Island Good Food Initiative

In just two days, supermarket shelves were nearly empty on Vancouver Island. It was November 2003, and the ferry strike had escalated to a complete service shutdown, which meant no ferries, no trucks and far fewer food shipments. That image of empty shelves, and what it could have meant for the people of the Island, still haunts Sandra Mark, project manager for a new organization called Vancouver Island Heritage Foodservice Co-operative.

“We have moved to a corporatized, globalized food system that has hollowed out the infrastructure for local food systems everywhere,” says Mark. “The largest proportion of the food system is owned and controlled by six big transnational corporations.”

Small-scale, local farmers are struggling for survival. They’ve been squeezed out of the market for years, unable to compete with the supply or the prices of factory farms, which means there are fewer farms left on Vancouver Island. “The vulnerability of the Island is really obvious,” says Mark, who for the past 10 years has been working toward a plan to rebuild the local food system on the Island.

The story is the same elsewhere. “California is one of the major suppliers of food to B.C., and people in California can’t eat that food because it’s for export,” she says. “Same with Mexico. Why is there such a demand for local food and so little in the supermarket?”

Mark and Frank Moreland, her business and life partner, are lead researchers for a partnership called the Island Good Food Initiative. Their work aims to answer an even more pressing question: how can farmers survive on Vancouver Island?

Fifty years ago, Vancouver Island grew most of its own food. Now, the Island grows only five per cent of the food consumed there. (Mark calculates this by comparing food spending per person from the 2006 census and gross farm receipts for the Island.)

“The fundamental problem is that farmers do not make enough money,” says Mark. “And young people see no future in the business because it’s very hard work for nearly no money.” She says many farmers have no choice but to work at other jobs just to support their farming “habit.”

Mark and Nanaimo Foodshare received $130,000 in funding for community- based research from Vancouver Foundation donors between 2006 and 2008 to address the issue. The Island Good Food Initiative was formed as a partnership of many concerned organizations to guide the research.

“This grant was the best money I’ve ever had my hands on,” says Mark. “We were able to do what we needed to do, to have the luxury of studying this situation and bringing many levels of the food chain to the table.” Now she is helping to implement solutions at the Foodservice Co-op. There are many answers, but one simple solution is pizza toppings.

Mark explains, “You can sell a carrot and you’ll get next to nothing .... If you wash it, grate it and put it in a bag with a fancy label, you get a little bit more. If it’s organic, you get more. If you make it into carrot soup, you get quite a bit more for that one carrot.”

Pizza toppings are the pinnacle of the value-added chain. And the man at the top of that pinnacle is Ken Babich, the University of Victoria’s director of purchasing. Babich spends at least $1 million annually on dry goods, milk, cheese, meat and produce. Pizza toppings alone come in at almost $300,000. If there’s one truism in life, it’s that students like pizza – lots of pizza.

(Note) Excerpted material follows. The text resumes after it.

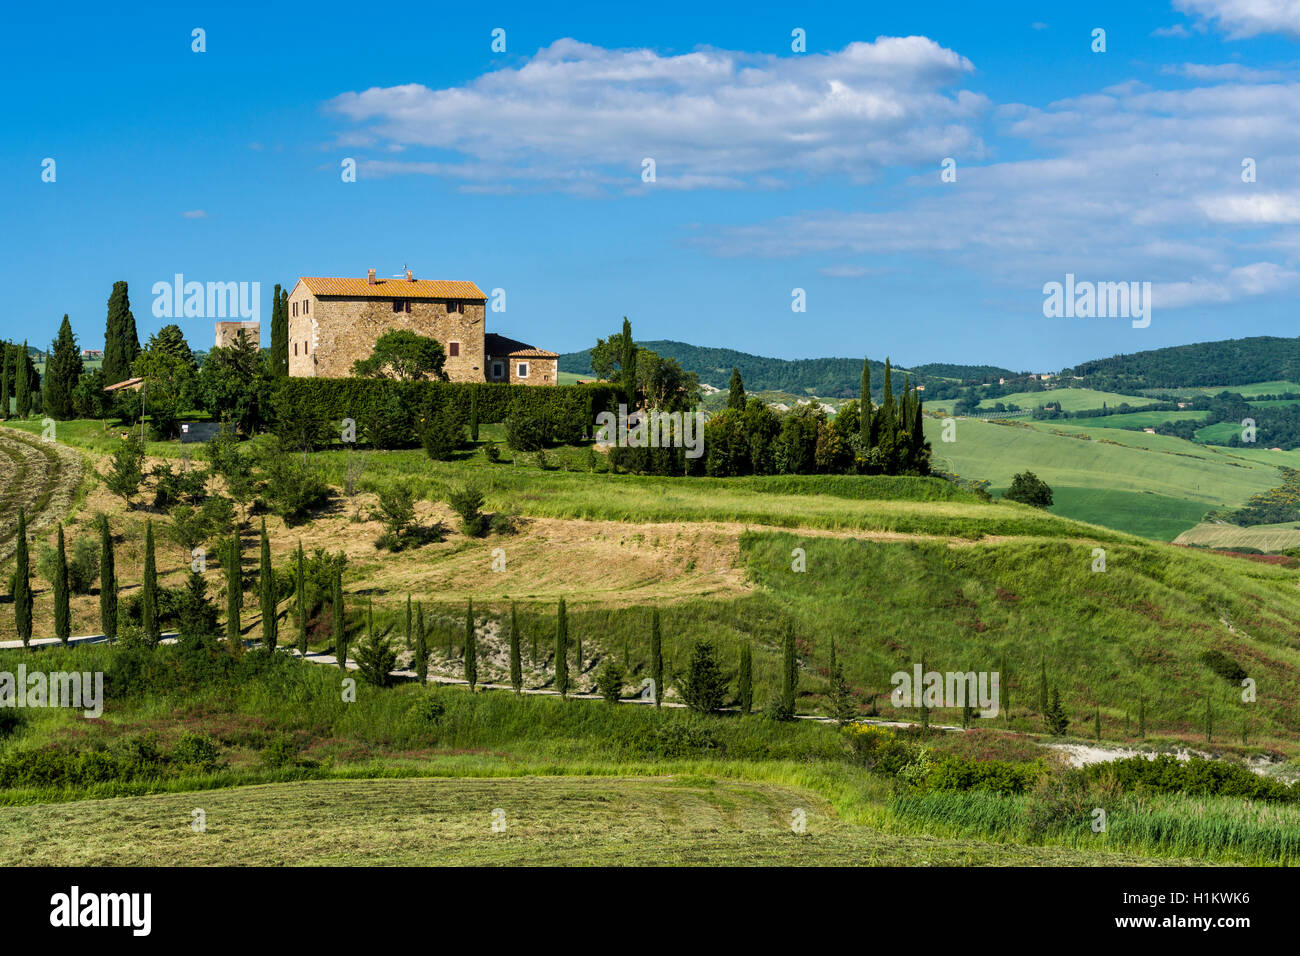 Typische Grün der toskanischen Landschaft im Val d'Orcia, Bauernhof auf einem Hügel, Felder, Bäume, Zypressen und blauen bewölkten Himmel, La Foce, Toskana Stockfoto

Mark’s research revealed that farmers’ markets, lovely as they are, are not enough. For farmers to survive, they need business plans; they can benefit from working together in co-ops on processing, distribution and marketing; and they need big clients on board – public institutions like universities and hospitals that spend millions of dollars each year on food.

A few years ago, Babich got serious about buying local after attending a farmers’ meeting on institutional purchasing – part of Mark’s research.

“When you see the heartache and pain these farmers go through, it’s all doom and gloom,” he recalls. “They saw no hope because nobody’s supporting them.” At another farmers’ meeting, the tone changed. There, Babich met a woman from Duncan who had created No Nuttin’ energy bars for people struggling with allergies. Babich, who was looking for local, healthy snacks to sell in university vending machines, told the woman, “We could be selling those in our vending machines.” He connected her with his supplier and now UVic students can buy them.

Babich realized there were also other, more pressing reasons to start sourcing local food. “If we had an earthquake, how would we survive on the Island?” he says. The question hangs in the air as he explains the university’s “quadruple bottom line” approach to purchasing that considers environmental practices, social and labour issues, the community and the economic bottom line.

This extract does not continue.